Sentenza 1 dicembre 2009
Massime • 1
La prescrizione dell'art. 238, comma primo, cod. proc. pen. che consente l'acquisizione di verbali di prove di altro procedimento, limitatamente alle prove assunte nell'incidente probatorio o nel dibattimento, è applicabile soltanto in sede dibattimentale e non anche in sede di riesame ai fini della verifica da parte del Tribunale della sussistenza dei gravi indizi di colpevolezza.
Commentari • 0
Sul provvedimento
| Citazione : | Cass. pen., sez.

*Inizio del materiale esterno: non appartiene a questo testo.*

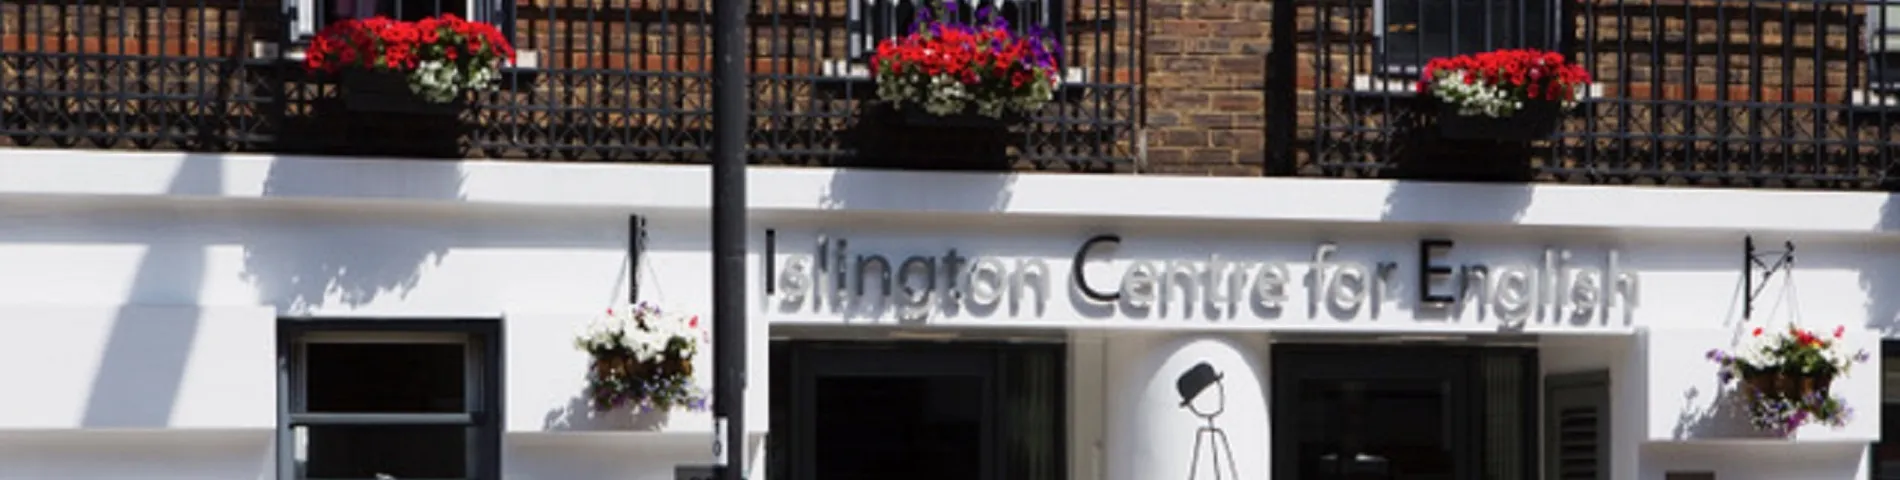 Islington Centre for English画像1

III, sentenza 01/12/2009, n. 49595 |
|---|---|
| Giurisdizione : | Corte di Cassazione |
| Numero : | 49595 |
| Data del deposito : | 1 dicembre 2009 |
Testo completo
Composta dagli Ill.mi Sigg.ri Magistrati: Camera di consiglio
Dott. TERESI Alfredo - Presidente - del 01/12/2009
Dott. SQUASSONI Claudia - Consigliere - SENTENZA
Dott. GENTILE Mario - Consigliere - N. 1509
Dott. SARNO Giulio - Consigliere - REGISTRO GENERALE
Dott. GAZZARA Santi - Consigliere - N. 31679/2009
ha pronunciato la seguente:
SENTENZA
sul ricorso proposto da:
B.S., nato il (OMISSIS);
avverso Ordinanza del Tribunale di Palermo, emessa l'08/06/09;
Sentita la relazione fatta dal Consigliere Dott. GENTILE Mario;
Udito il Pubblico Ministero in persona del Dott. FRATICELLI Mario che ha concluso per Inammissibilità del ricorso;
Udito il difensore Avv. Pietro Asta, difensore di fiducia del ricorrente, B.S..
SVOLGIMENTO DEL PROCESSO
Il Tribunale di Palermo, con ordinanza emessa l'08/06/09 - provvedendo sulla richiesta di riesame presentata nell'interesse di B.S. avverso l'ordinanza del Gip del Tribunale di Sciacca in data 19/05/09, con la quale era stata disposta la misura cautelare della custodia in carcere nei confronti del predetto B., indagato in ordine ai reati di cui all'art. 609 bis c.p. - respingeva il gravame previa riqualificazione del fatto contestato nell'ipotesi di cui all'art. 609 quater c.p., n.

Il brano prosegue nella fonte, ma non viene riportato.